Atomicity can be guaranteed by executing a group of commands either using MULTI/EXEC blocks or by using a Lua script. Consistency is guaranteed by using the WATCH/UNWATCH blocks. Isolation is always guaranteed at command level, and for group of commands it can be also guaranteed by MULTI/EXEC block or a Lua script. Full Durability can be also guaranteed when using AOF with executing fsync with each new command as explained before.
Backup
Backup in Redis is basically the snapshots that were taken of your dataset if the snapshot option is enabled. Your data will be stored in an RDB file called dump.rdb file in your redis directory. To restore your data, you just need to move this dump file to your Redis directory and then start up your server. To have a better backup, you can use snapshotting with replication so that you will have the same copy of your data in all your instances including masters and slaves. This will ensure that your data is save in case the master server crashed completely
Security
Redis doesn't provide any access control and this should be provided by a separate authorization layer. However Redis provides an authentication mechanism that is optional and can be turned on from redis.conf. Redis supports the BIND command to allow only specific IP addresses to access the Redis server for better security. Redis doesn't also support any encryption mechanism and this should also be implemented using a separate layer like using encryption mechanisms such as SSL proxy. The "rename-command” used to rename the original commands which reduces the risk that might happen if unauthorised clients access your server. Finally, NoSQL injection attacks are impossible since Redis protocol has no concept of string escaping.
Upgrading
Redis doesn't support online upgrades (server must restart and the clients can't connect to it during the upgrade window). A workaround for online upgrade is to start a slave server and direct all the clients to it while you do an upgrade to the master. After the upgrade is finished in the master, we can stop the slave server and then redirect the clients requests again to the master server.
Availability
Redis provides a distributed system called Redis Sentinel to guarantee high availability. Redis Sentinel can resist certain types of failures automatically without any human intervention. Redis Sentinel can be used also for other tasks such as monitoring, as a configuration provider for clients and as a notification system. By Monitoring we mean that Redis Sentinel will monitor your master and slave instances and check if they are working as expected. It will also send notifications to the admin in case anything went wrong. Clients can also contact the Redis Sentinel to get any configurations parameters for a certain Redis instance such as address and port.
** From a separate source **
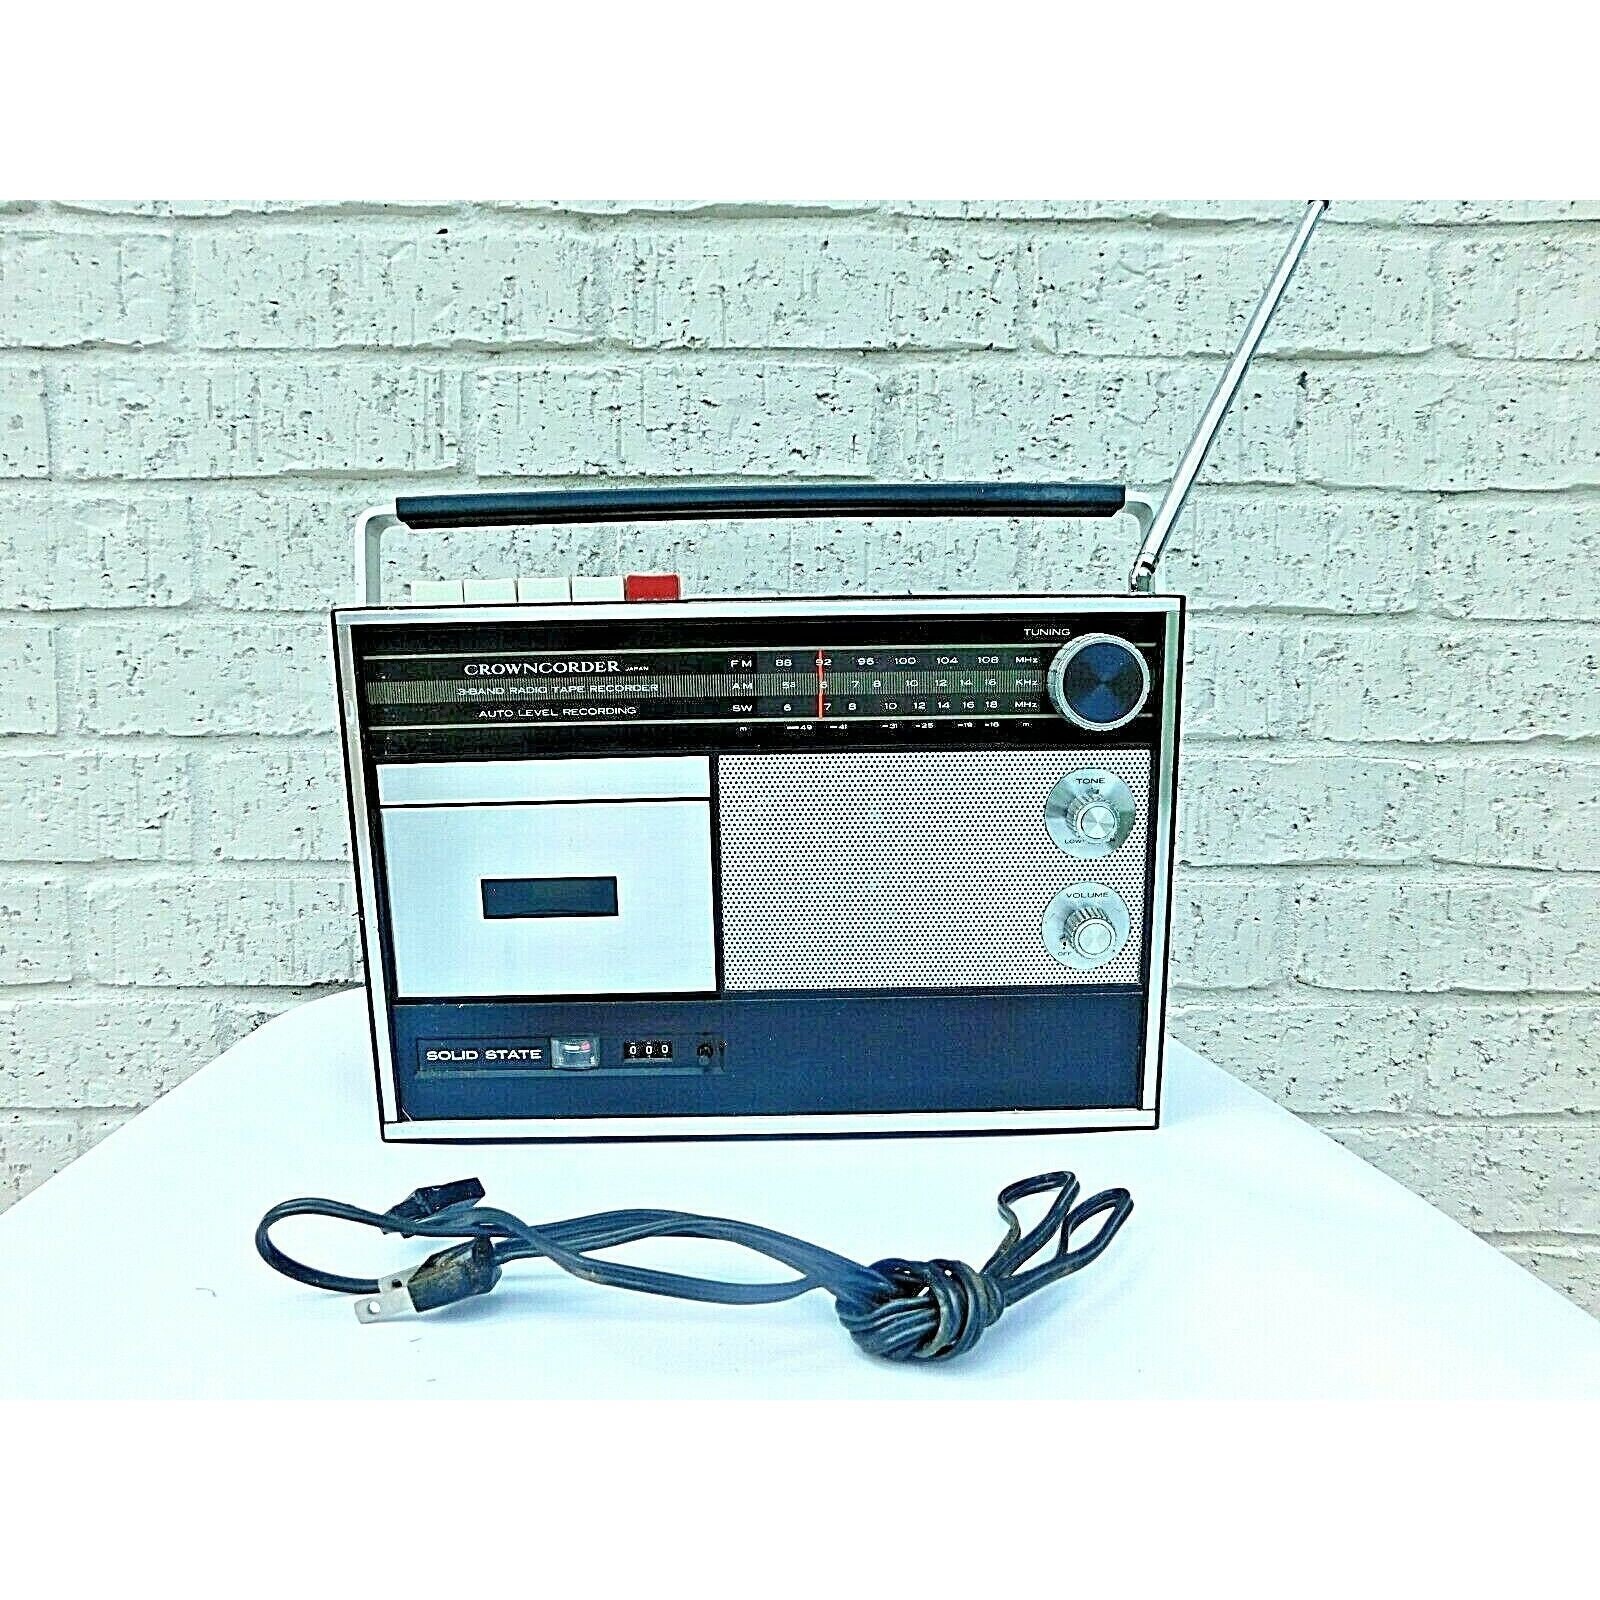 Rare Vintage Crowncorder Band Radio Tape Recorder Solid Etsy 日本

Finally Redis Sentinel will start a failover process in case the master is not working to promote one of the slaves to replace it and reconfigure the other slaves to contact this new master.
An important note is that in order to get the best robustness out of Redis Sentinel, you should configure it in such a way that it will not be a single point of failure. This means that you use multiple instances in separate machines or virtual machines that fail independently which can cooperate together to handle Redis failure detection and recovery. You need at least three Redis Sentinel instance to guarantee its Robustness.